Aux époques de révolution, où la Coutume perd son empire, où la société cesse d'aller de soi, où tout est contesté, jusqu'aux rapports traditionnels de la vie privée, les orateurs et les lettrés exercent généralement une fàcheuse influence. Ils ne se bornent plus, comme aux époques d'ordre et de prospérité, à conserver dans les âmes les éternelles notions du vrai : ils sortent de ce domaine pour pénétrer dans les questions qui agitent les esprits; et alors ils deviennent souvent les auxiliaires de l'erreur. N'ayant jamais été mêlés aux intérêts usuels qui sont en lutte, ils n'ont point un criterium sûr pour les apprécier. Condamnés au doute, et avides de succès, ils sont plus enclins à se faire l'écho des passions du moment qu'à réagir contre l'opinion égarée. Ceux qui, depuis 1789, ont le plus dominé les esprits pendant nos crises politiques et sociales, ont dû leurs succès éphémères au charme de la forme beaucoup plus qu'à la compétence sur le fond.
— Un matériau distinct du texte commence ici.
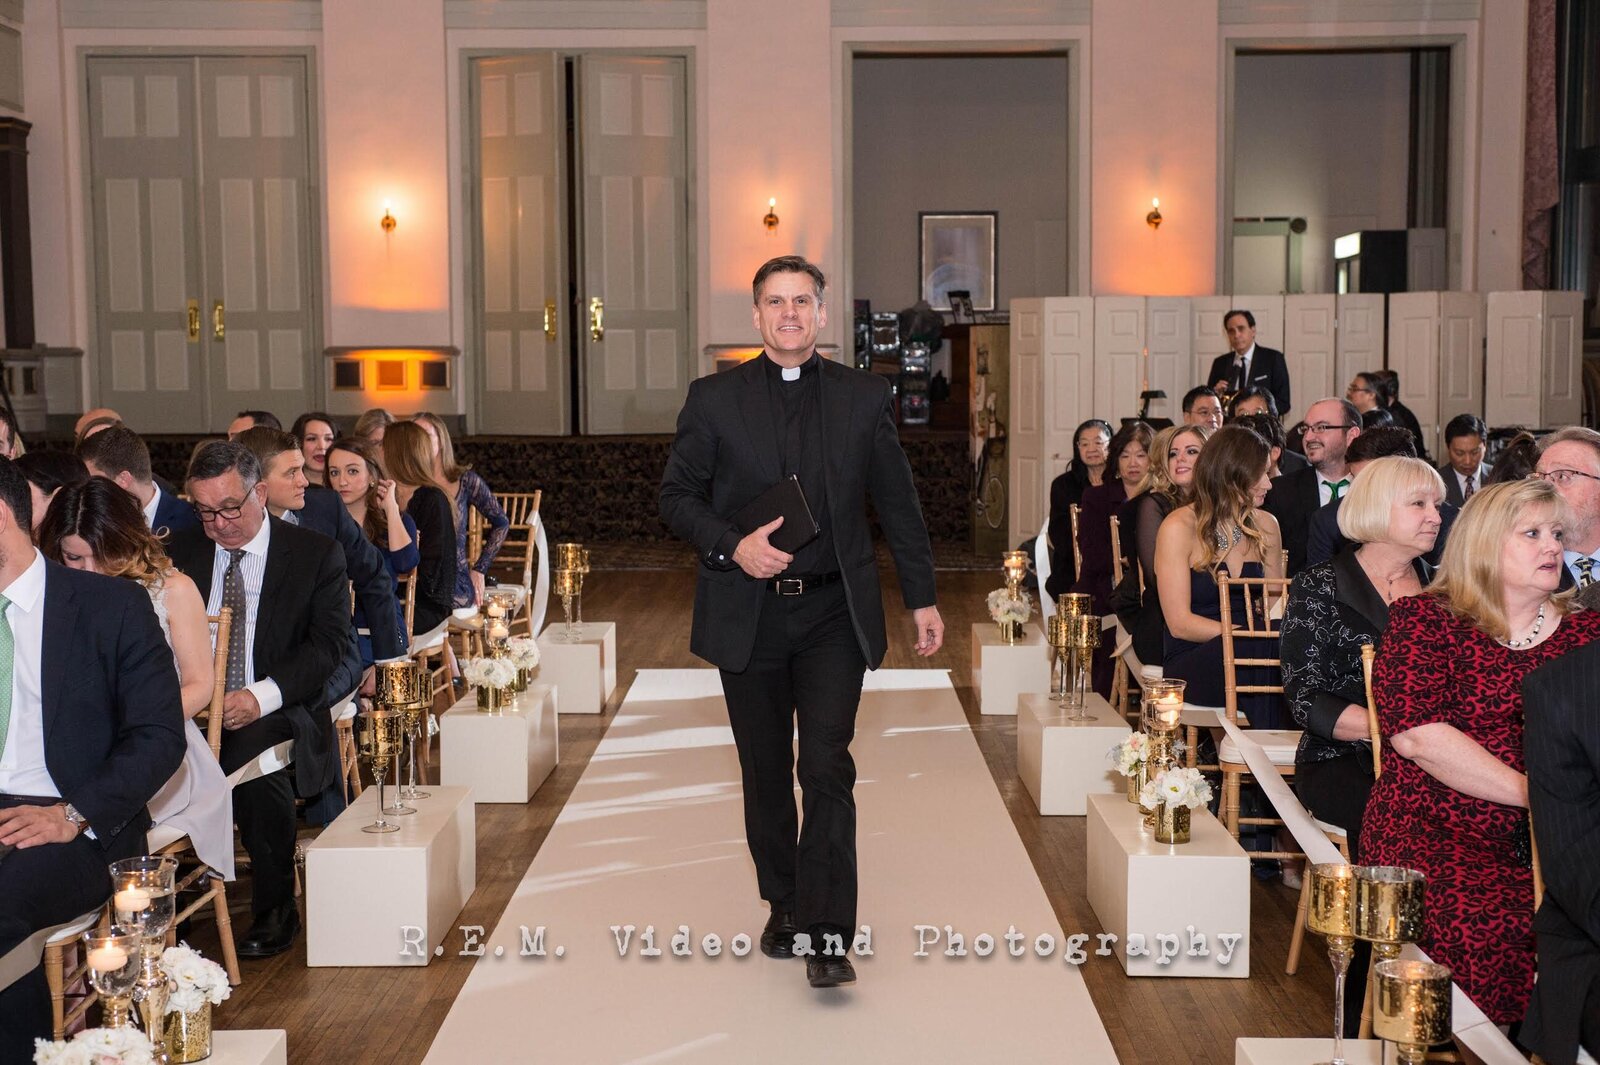 Wedding officiant walks down aisle to officiate a wedding

Les orateurs qui ont fait prévaloir avec éclat, dans nos assemblées, les principes d'où sont sorties les souffrances actuelles de notre pays, donnaient dans des aberrations qu'eussent évitées les moindres Autorités sociales (§ 5). Ainsi, ils montrèrent souvent une grossière

ignorance au sujet des pratiques sur lesquelles ont reposé, de tous temps, la paix et la prospérité des ateliers de travail (G).
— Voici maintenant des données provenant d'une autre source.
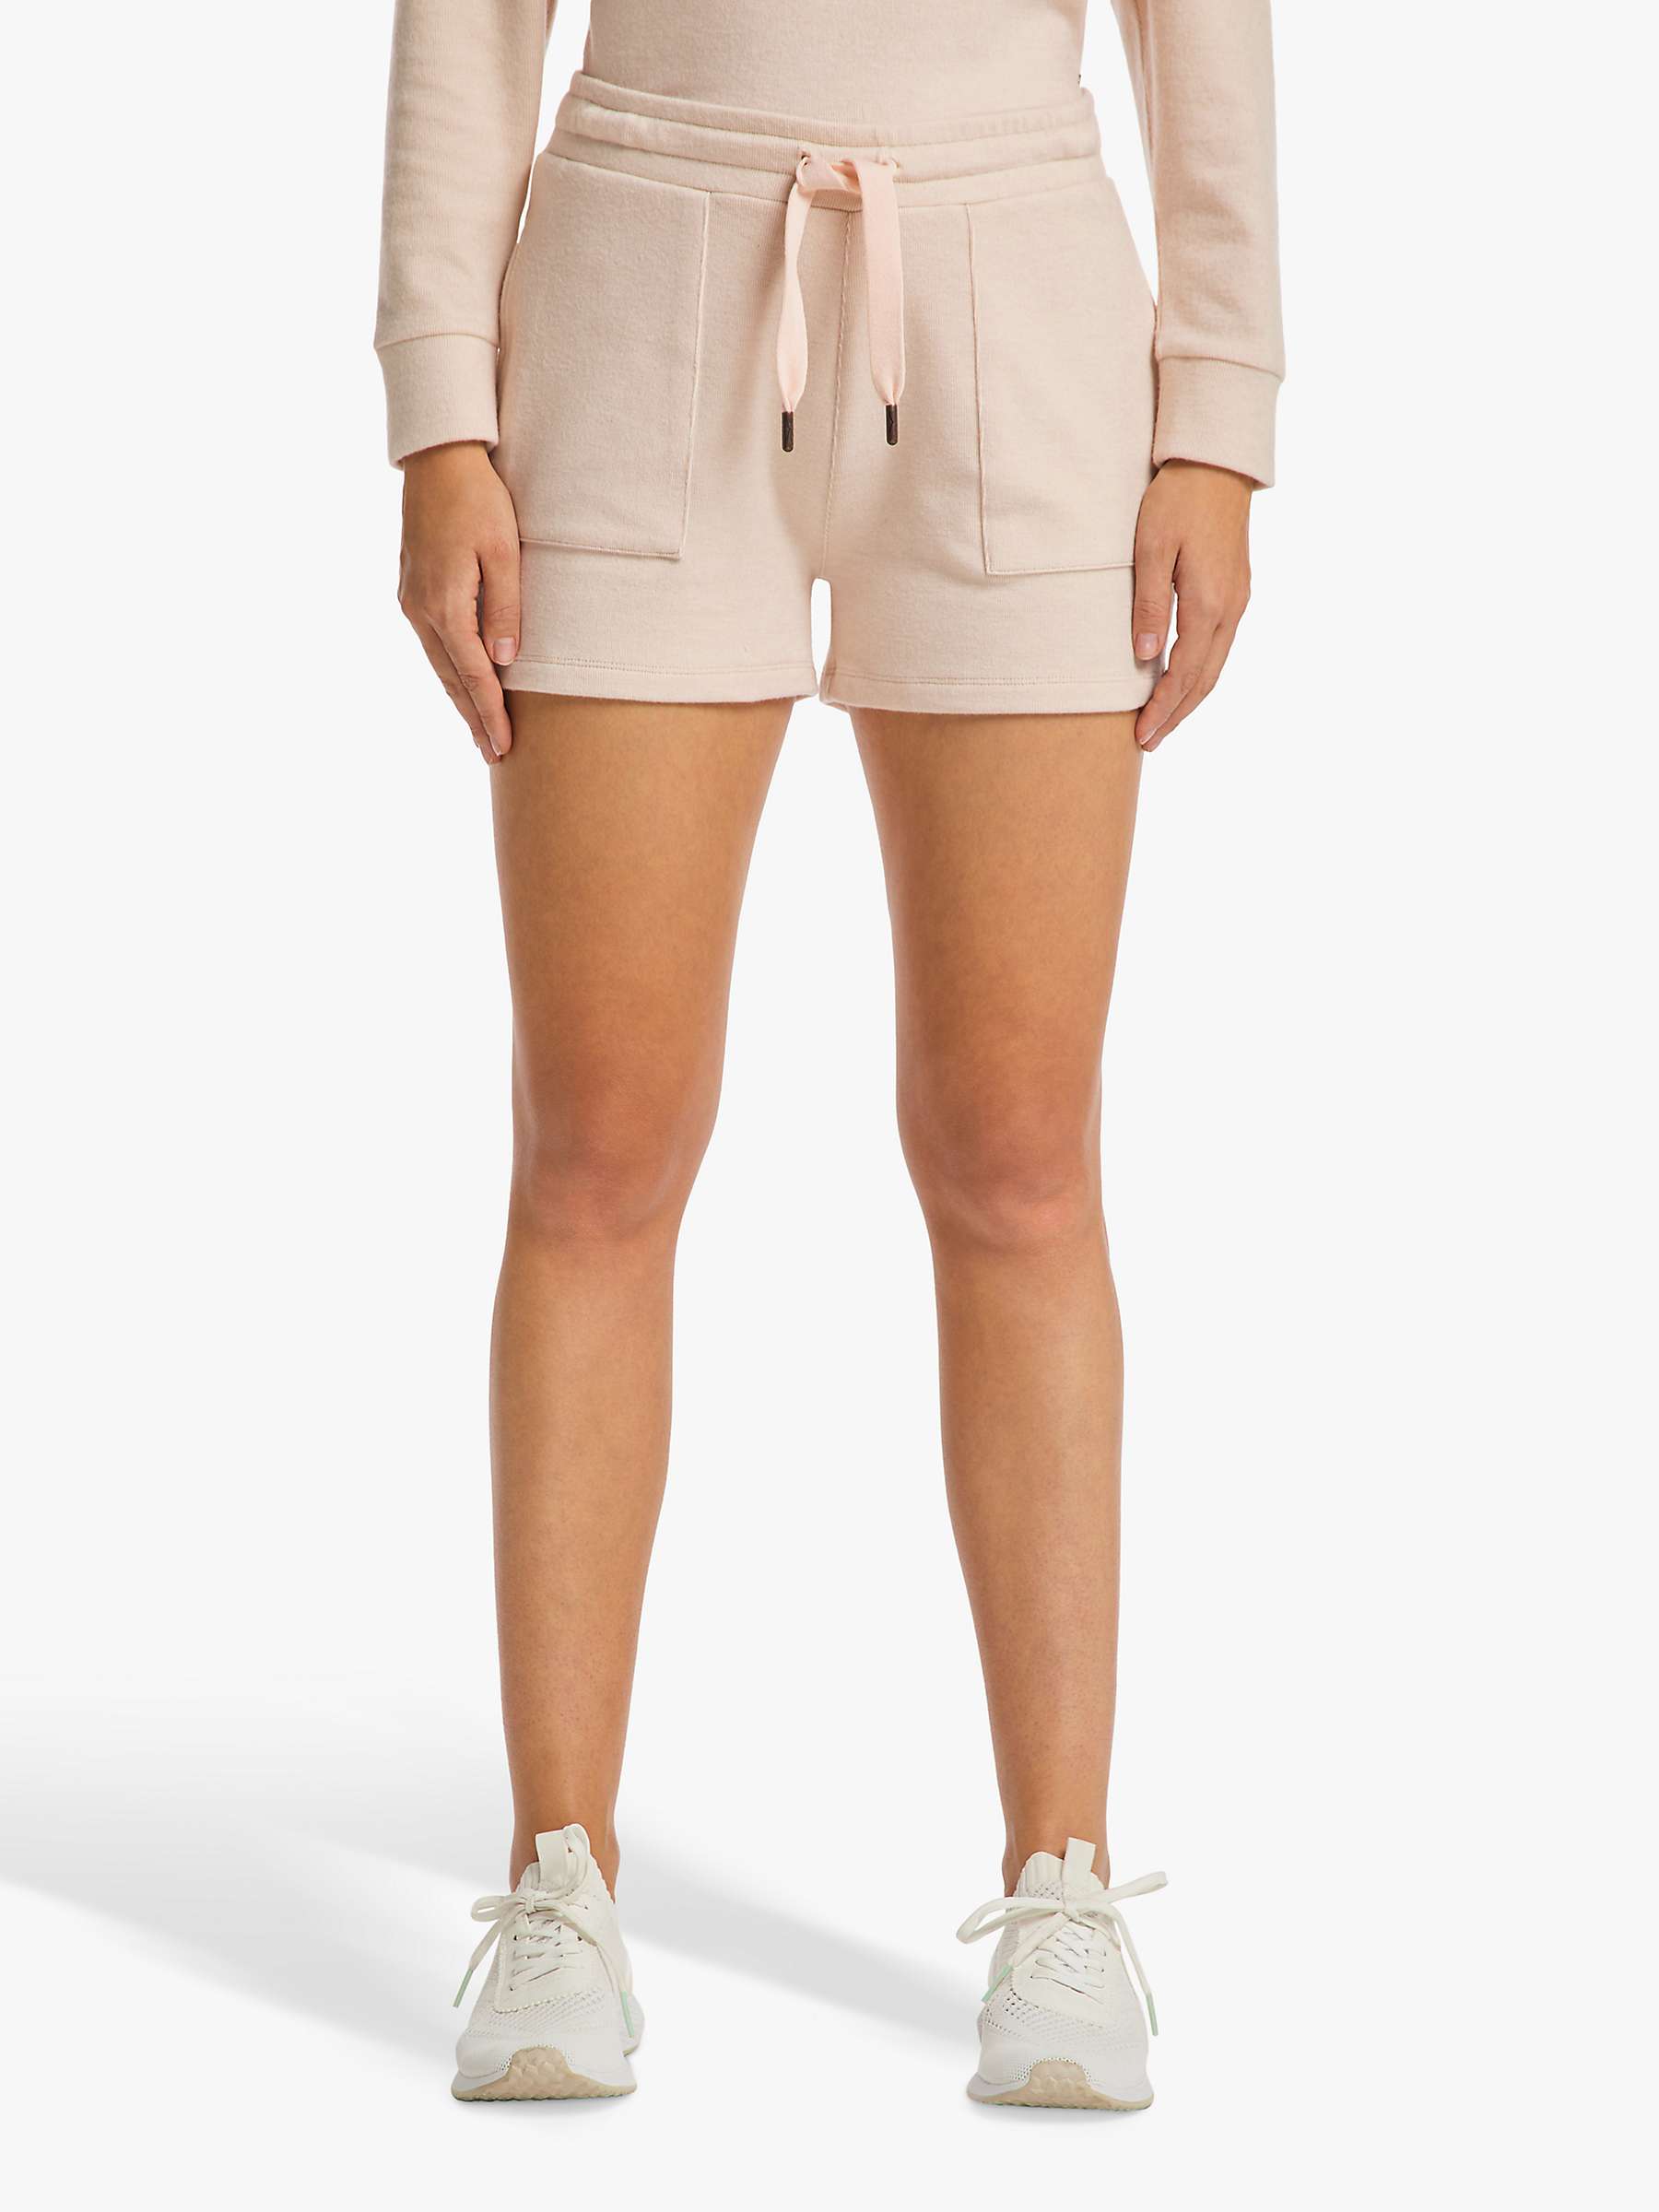 Buy Venice Beach Aileen Shorts, Marble Pink Online at johnlewis.com

A la vérité, l'erreur n'a plus, de nos jours, ces caractères apparents qui nous choquent quand nous lisons les discours et les écrits des célébrités révolutionnaires. La discussion incessante des intérêts publics a propagé certaines connaissances générales qui manquaient complétement au début de notre ère de discordes. Mais l'enseignement des orateurs et des écrivains politiques est loin d'avoir acquis chez nous la fécondité qu'il offre dans les pays vraiment libres. Là, en effet, les petites autonomies locales sont exclusivement gouvernées par les Autorités sociales et par ceux qui montrent quelque supériorité dans la direction des ateliers de travail. C'est parmi ces derniers que surgissent spontanément, sur tous les points du territoire, les hommes qui, par les bons exemples de leur vie, puis par l'autorité de leurs paroles ou de leurs écrits, seront plus tard appelés à diriger les affaires de l'État. En France, il en est tout autrement. La suppression des libertés locales, commencée par l'ancien régime en décadence, achevée par la révolution, infiltrée en quelque sorte dans les mœurs publiques par tous les gouvernements postérieurs, a détruit la vraie pépinière des hommes d'État.